Cowboy Consultants – Stop Ruining Our Industry Please

Cowboy Consultants – Stop Ruining Our Industry Please

LinkedIn has an abundance of recruiters who use the site relentlessly. Most of them are good at their jobs and help to strengthen the reputation of our industry. Unfortunately, there are also lots who aren’t (aka Cowboy Consultants). These individuals tarnish our reputation and make life difficult for the rest of us.

 

At this point I imagine a lot of you are rolling your eyes and thinking ‘this is another consultant-bashing blog’ – well this is far from it! I want you all to know that this isn’t a complaint, nor is it a dig at all recruiters.

 

Sadly recruitment consultants don’t have the best reputations – this is entirely due to the fact that a lot of people have had negative experiences with them. As with all walks of life, it’s the negative parts that stick in our minds.

 

I have highlighted some typical things that I believe ‘Cowboy Consultants’ are guilty of – I’m sure the majority of you will agree with me:

 

 

 

<-Sending impersonal  invites:

 

How many times have you received an invite on LinkedIn from a consultant that looks just like this? If they can’t be bothered to type your name and a personalised message; then it is evident you are just a statistic to them.

 

Spamming potential candidates:

 

This is linked to my first point. If you send impersonal messages or unwanted messages then you will normally be ignored. Regardless of what your sales targets are you shouldn’t send impersonal messages to any hiring manager you know:

 

Good morning Sir/Madam

 

I have found a candidate that I believe would suit you perfectly. They currently work at___ and I believe they would fit into your company perfectly.

 

Let me know if you’re keen ASAP; as lots of other clients are interested!’

 

Please stop doing this! Any potential client would be rightfully annoyed if you don’t know their name, but assume you understand their business and what they need! Take the time to learn your clients and candidates, and make considered suggestions.

 

Getting angry if a candidate isn’t interested in the role:

 

As a consultant you may believe you have found the perfect role for your candidate. Therefore when you are informed they aren’t interested this can hit you hard. DEAL WITH IT – it’s part of the job.

 

You mustn’t try and convince the candidate to do something they aren’t comfortable with. They will rapidly lose trust in you and probably want the commission to go to someone else!

 

 

Not meeting the candidate before sending them out:

 

It is so important to meet your candidates. This is an intimate and personal job and you have to get to know your candidates so you can carefully consider which companies and roles they will suit. A lot of companies will ask the candidate which consultant they met, what they told them about the company and what their experience with the consultant/agency was like!

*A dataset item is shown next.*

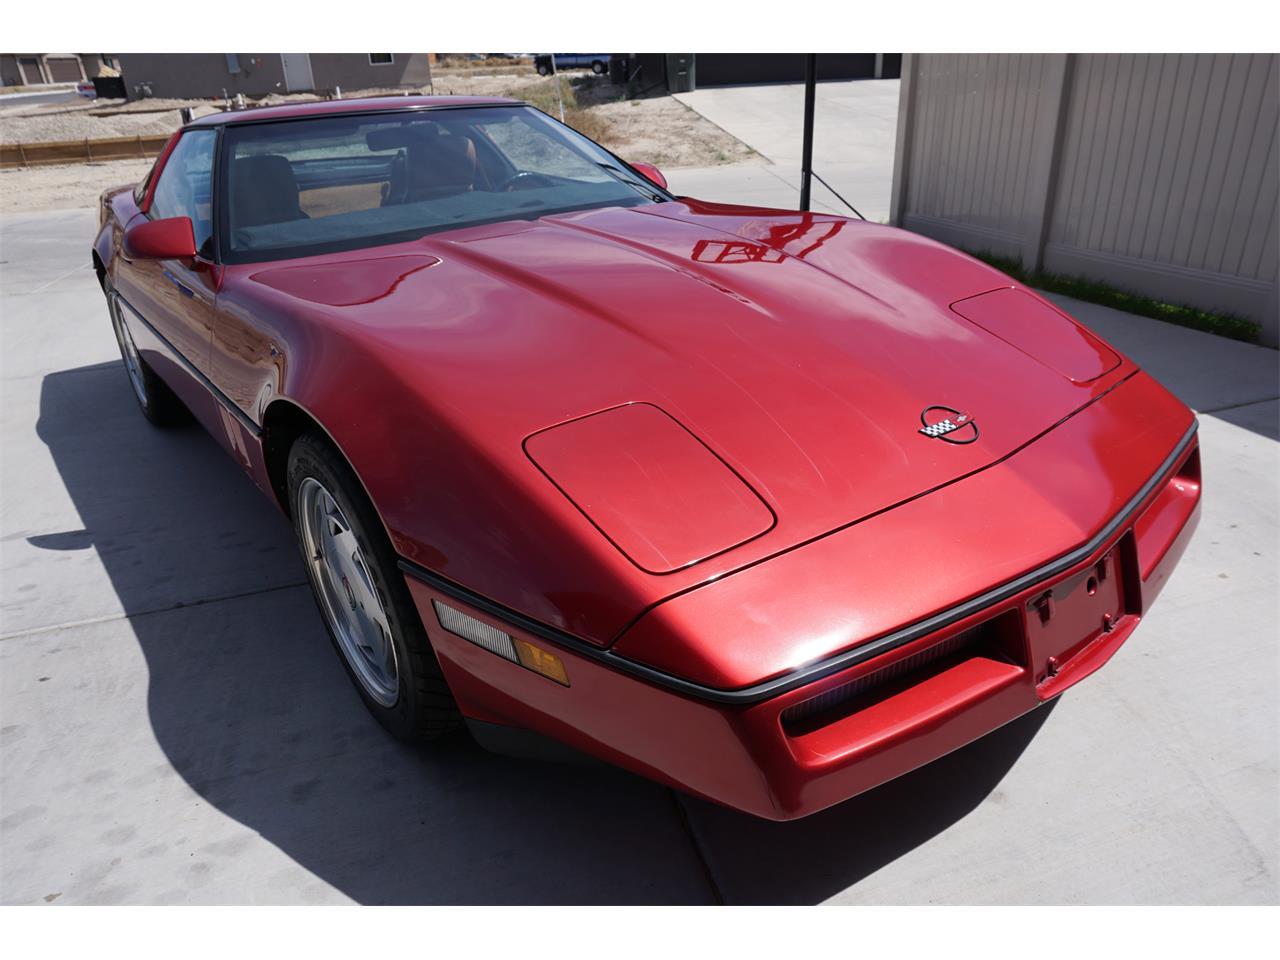 Large Picture of 1989 Chevrolet Corvette C4 located in Grand Junction Colorado - QTU6

If you haven’t met them it’s you that looks bad, not them! Meeting candidates is beneficial for your reputation, the candidates’ chances of getting the role and maintaining your relationship with the client.

 

Worrying about KPIs too much:

 

Despite popular belief, recruitment is not a numbers game. The saying ‘throw enough s**t and some of it is bound to stick’ is not a mantra to go by. It’s not about volume of calls; it’s about the quality of the candidates and the suitability to the roles you are sending them to. If you don’t work carefully and methodically you will ruin your personal brand and your credibility. A capable recruiter should be trusted above all else – you will never be trusted if you send candidates relentlessly without checking if they suit the client or the market!

 

I hope I have done my bit to highlight some of the negative and harmful techniques that are actually giving our industry a bad name. As I said in the opener I sincerely believe that not all recruiters are bad – I don’t even think that most of them are. However, there are a small percentage of Cowboys ruining it for the rest of us!

 

You may not have even realised it was you until reading this – so please be more considerate and ethical in your approach towards recruitment, and we can rapidly start to rebuild our reputation again!